**Exercise details:** An exact copy of all the data, minus the images, is required.
Segment Start: Data provided
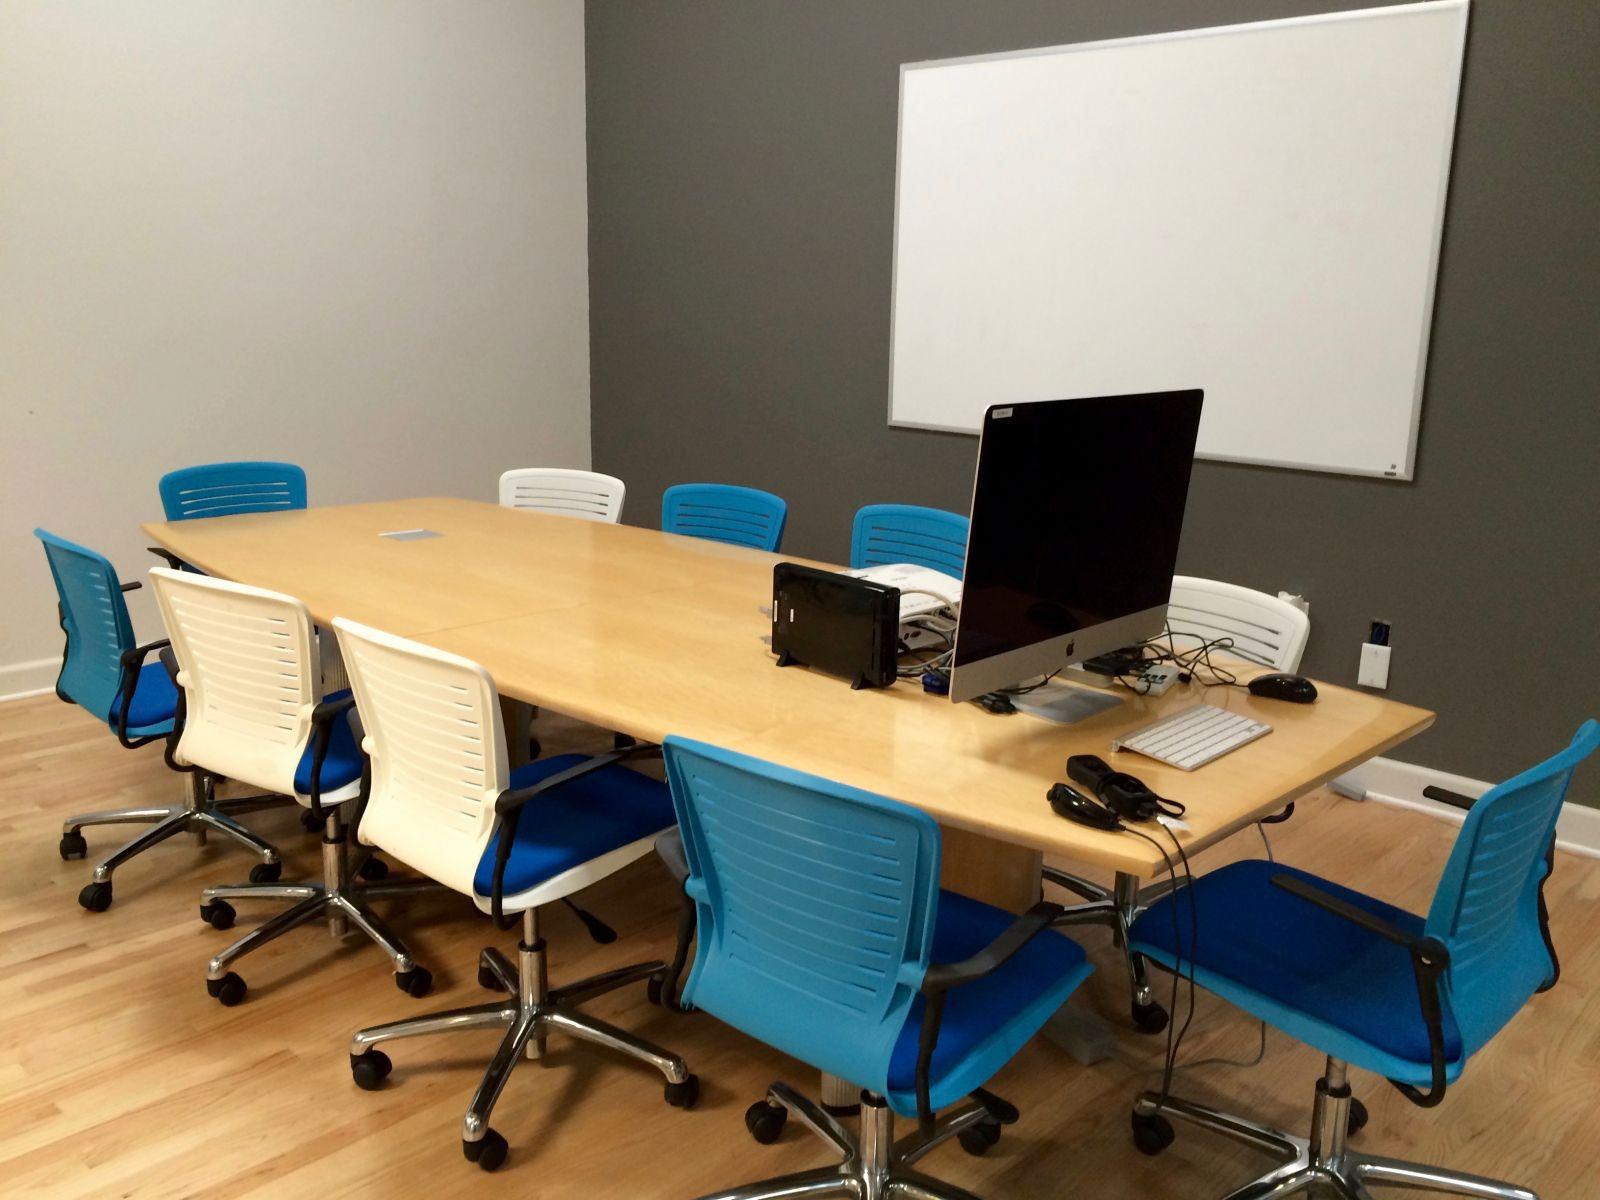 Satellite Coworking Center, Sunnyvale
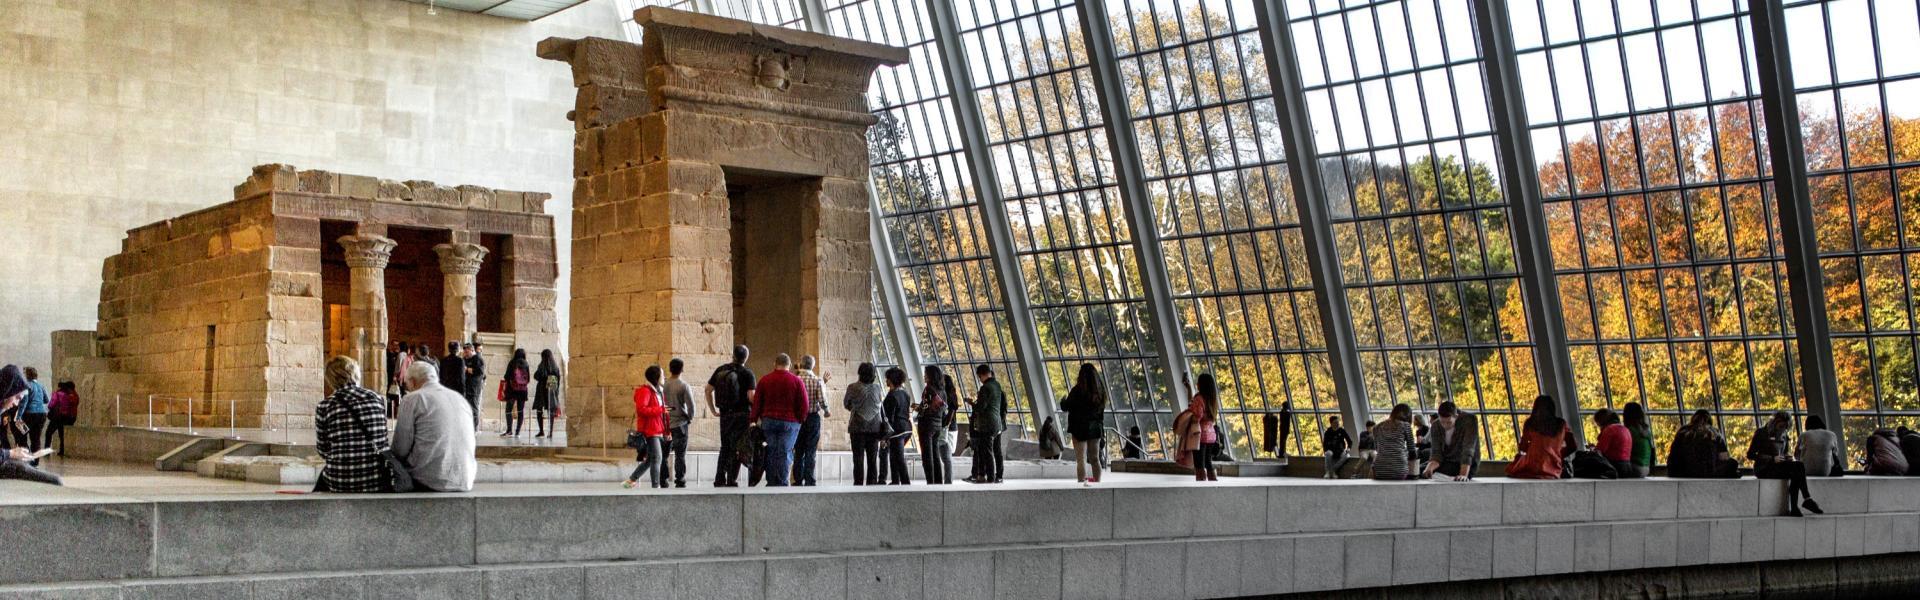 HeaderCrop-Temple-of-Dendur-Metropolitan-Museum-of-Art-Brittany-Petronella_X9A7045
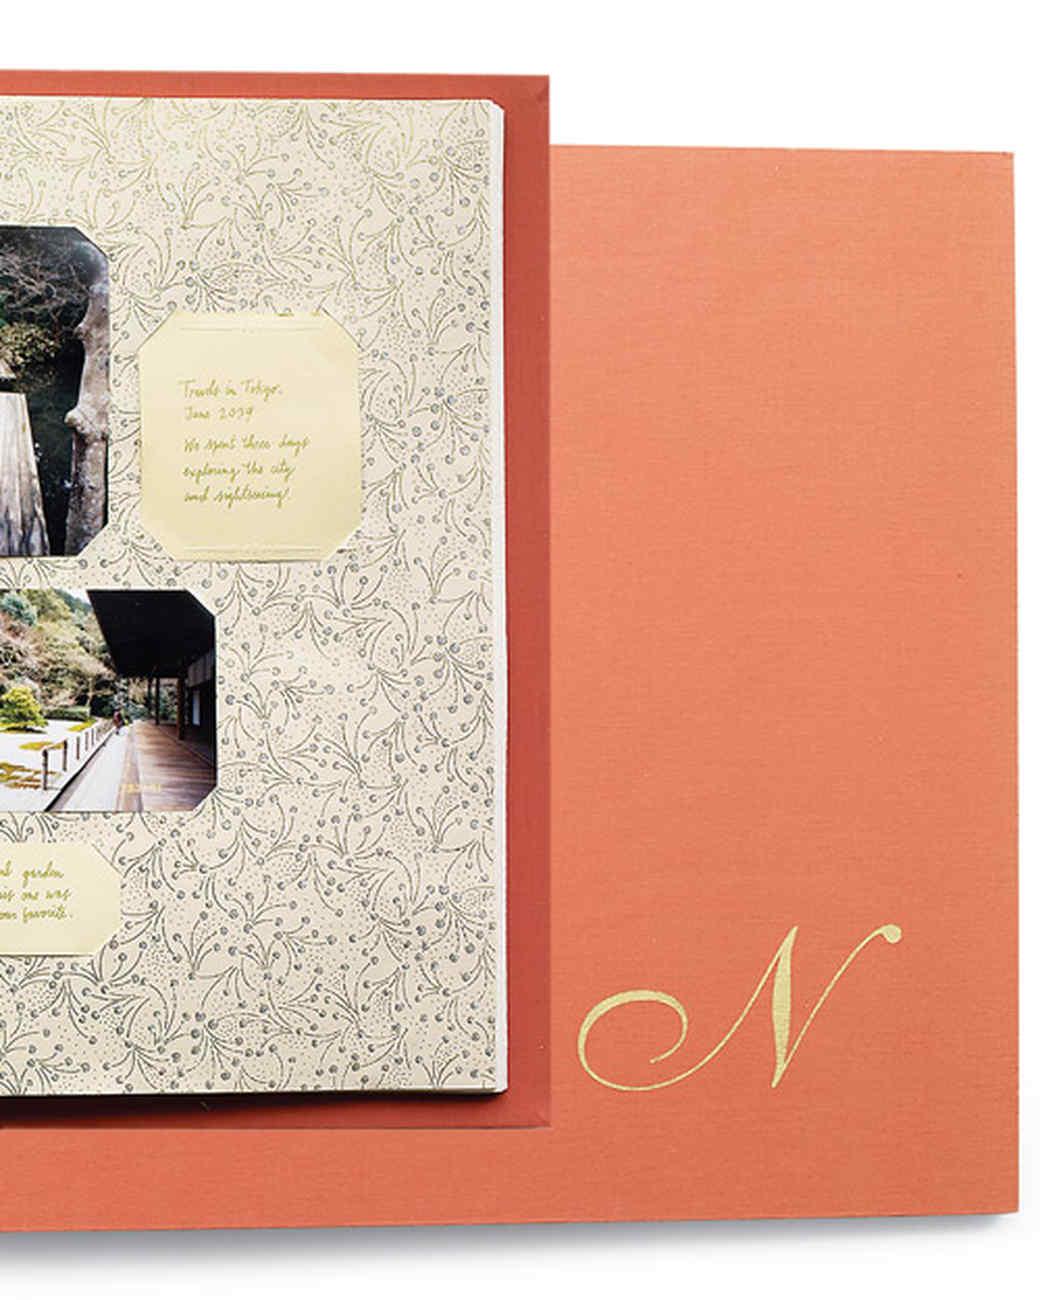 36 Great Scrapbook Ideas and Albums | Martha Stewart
Segment End: Data provided
**Response to the task:**
 Satellite Coworking Center, Sunnyvale
 HeaderCrop-Temple-of-Dendur-Metropolitan-Museum-of-Art-Brittany-Petronella_X9A7045
 36 Great Scrapbook Ideas and Albums | Martha Stewart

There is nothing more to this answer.